Tuesday, June 16, 2009

Featured Book: The Jazz Ear by Ben Ratliff

Copy at Case Memorial Library
"Next we heard 'Seven Steps to Heaven,' performed live by the Miles Davis Quintet — including Herbie Hancock, George Coleman, Ron Carter, and Tony Williams — in 1964. It is fast and confident, even in its improvised coda; Williams's drum solo crackles like gunfire, and Davis's solo is coolly imperious. 'This is the first record I ever got,' [Pat] Metheny said, as a prologue. 'I got this when I was eleven. My older brother Mike, who's a great trumpet player, had a couple of friends who were starting to get interested in jazz. He brought this record home.
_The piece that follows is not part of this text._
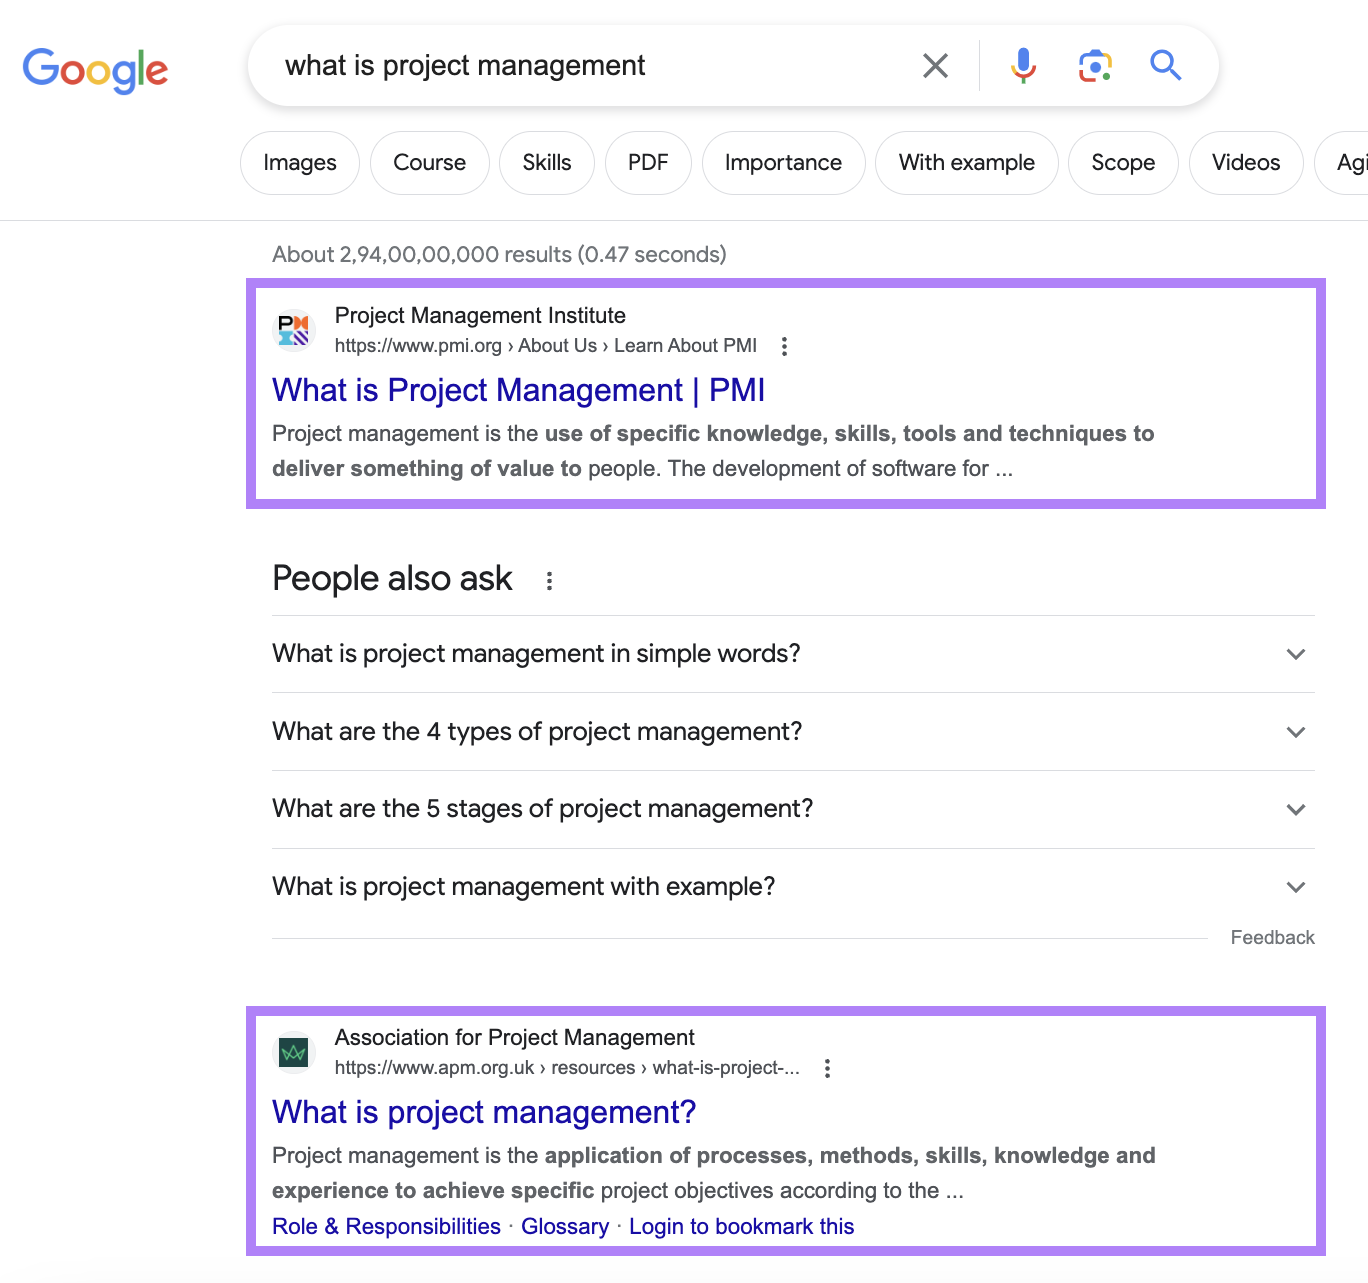 Google organic search results for "what is project management" query

I always hear "jazz is something you really have to learn about, and you develop a taste for it, and da da da," that whole rap. But for me, as an eleven-year-old, within thirty seconds of hearing this record' — he snapped his fingers — 'I was down for life. … I know Herbie really well and I know Tony very well too, and I've talked with them about what was actually going down that night. They thought it was one of the worst gigs they'd ever done. But I was listening to Tony here. … It's such an incredibly fresh way of thinking of time. It sums up so much of what that period was" (p. 20).